ペットボトル飲料を一度に飲み切れず、そのまま保存しておくことは一般的によくあることですが、ペットボトルに直接口をつけて飲むことで、口腔内に存在する細菌がボトル内に入り込む可能性があります。
口腔内には約500種類の細菌が存在しており、これらが口をつけて飲むことでペットボトル内に移行してしまったり、開封されたペットボトルの飲料が外気に触れることで空気中の微生物が入り込み、腐敗を引き起こす可能性があります。菌は25~35度の環境で最も増殖し、24時間後の麦茶の中では500倍にも増えることがあります。
食中毒の原因となる細菌数の目安は1gあたり100万以上とされていますので、飲みかけのペットボトル飲料を数時間後に飲むことによって食中毒になる可能性は低いものの、不衛生であることには変わりません。口をつけて飲む行為は、マイボトルでも同様です。ただし、保冷機能を備えたステンレス製のボトルであれば、菌の繁殖をある程度抑制することができるとされています。
最も安全な飲み方としては、コップに移し替えて飲むことが推奨され、残った分は冷蔵庫で保管するのが理想です。それでも、翌日には飲み切ることを心がけることが大切です。
なくすのではなく減らす努力を!
いかがでしたでしょうか?ペットボトルが私たちの生活や健康に悪影響を及ぼす可能性があることについて、少しでも理解していただけたのではないかと思います。

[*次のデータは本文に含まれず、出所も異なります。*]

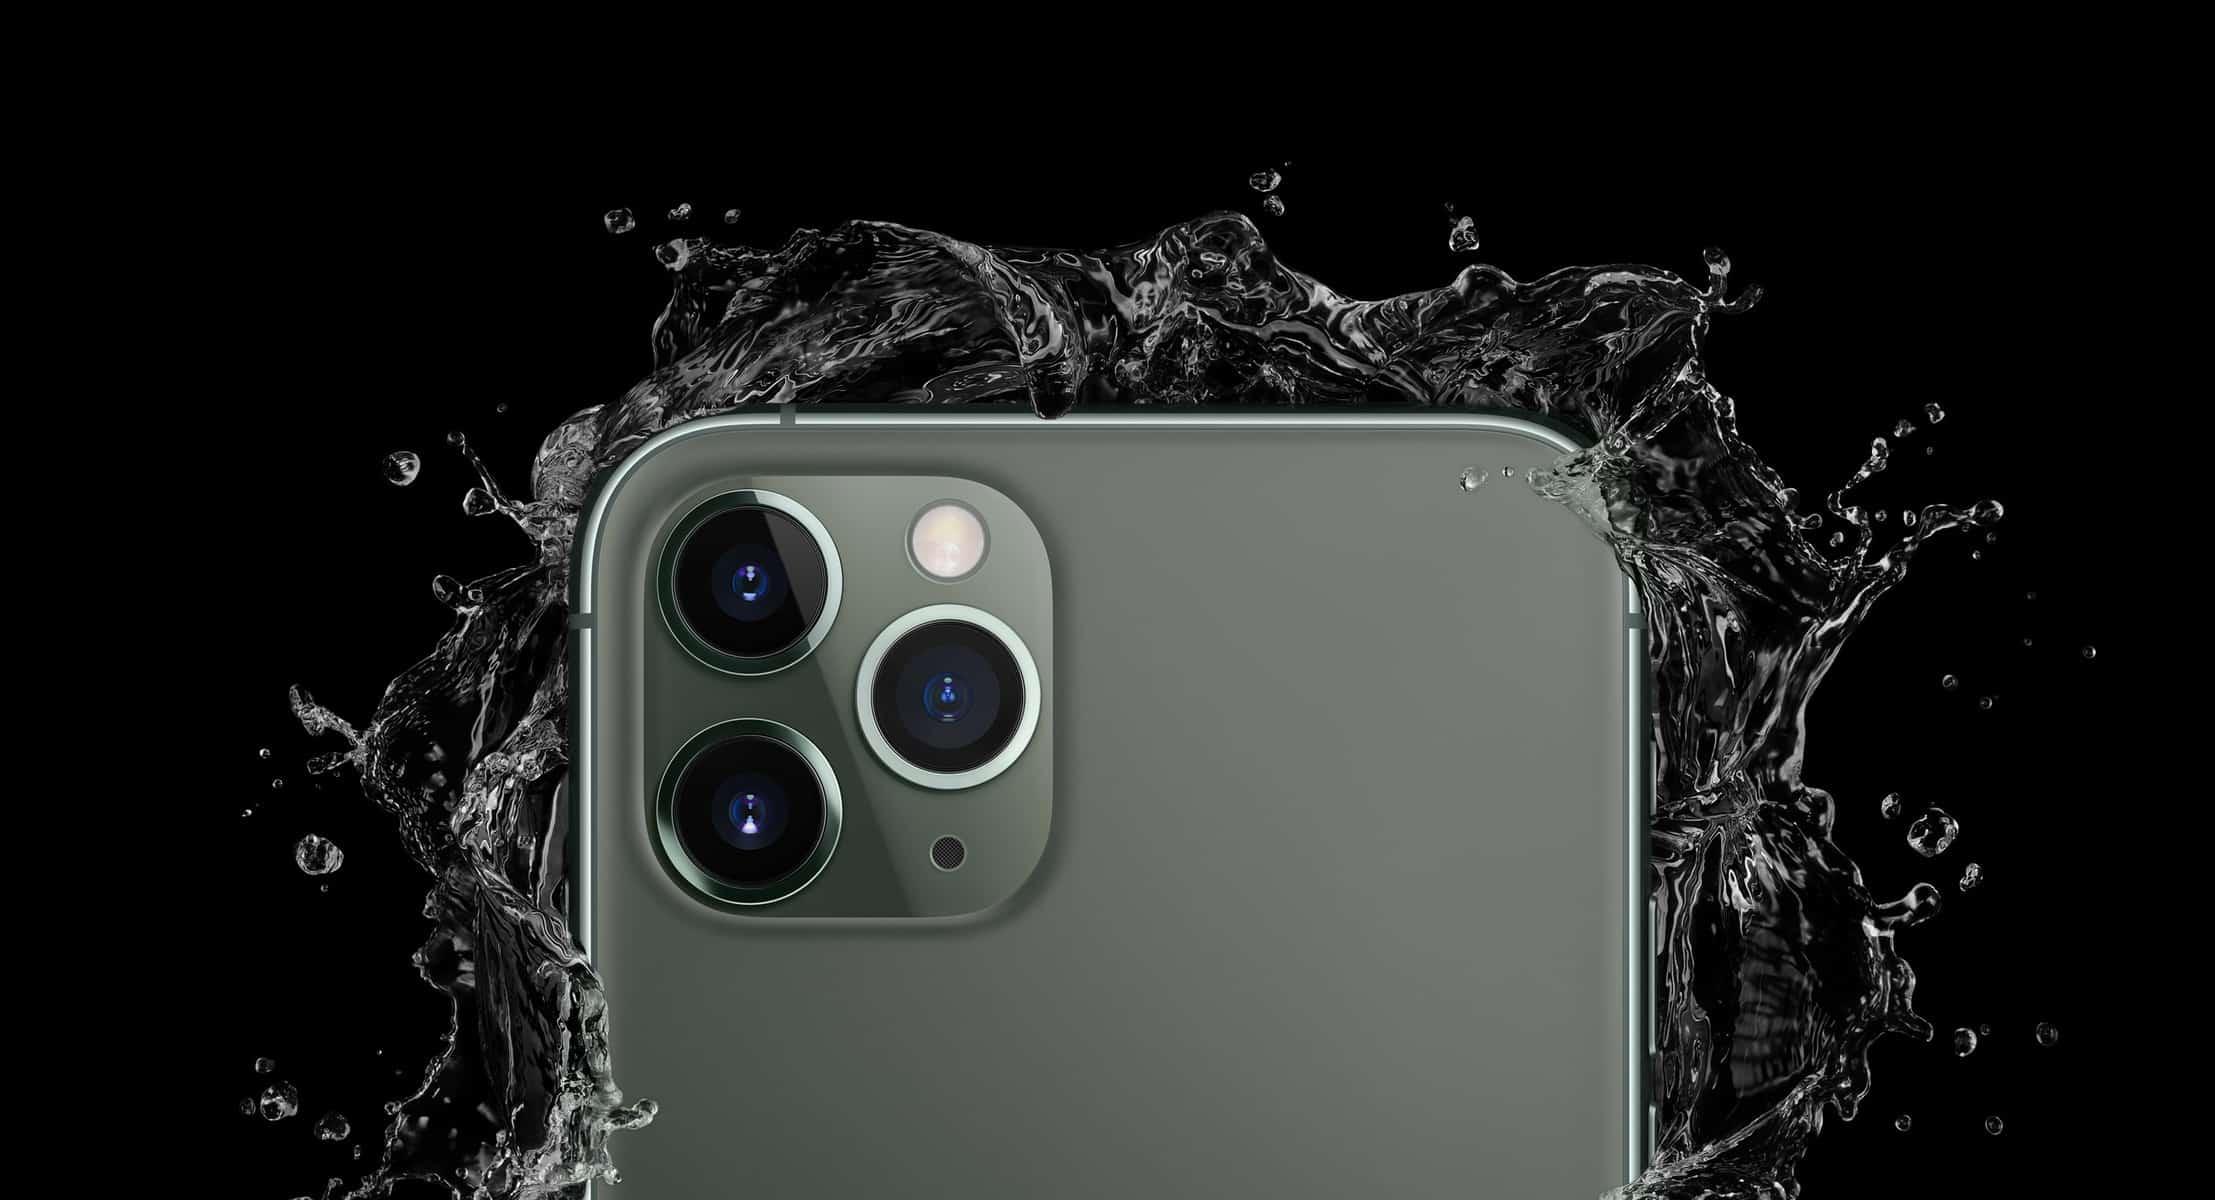 La dernière acquisition en date d'Apple pourrait améliorer le module photo de l'iPhone

もちろん、手頃な価格で購入できるペットボトル飲料は美味しく、どこでも手軽に入手できる便利な存在です。特に、暑い日に冷たい炭酸飲料を楽しむのは最高のひとときであり、寒い日には温かい飲み物が心まで温めてくれる感覚は格別です。
ペットボトルとマイボトルを上手に使い分け、無駄なペットボトル飲料の購入や在庫を減らしていくことが、環境や健康、そして私たちの財布にも優しい生活を実現するための重要な鍵となるでしょう。
最後までお読みいただき、心より感謝申し上げます。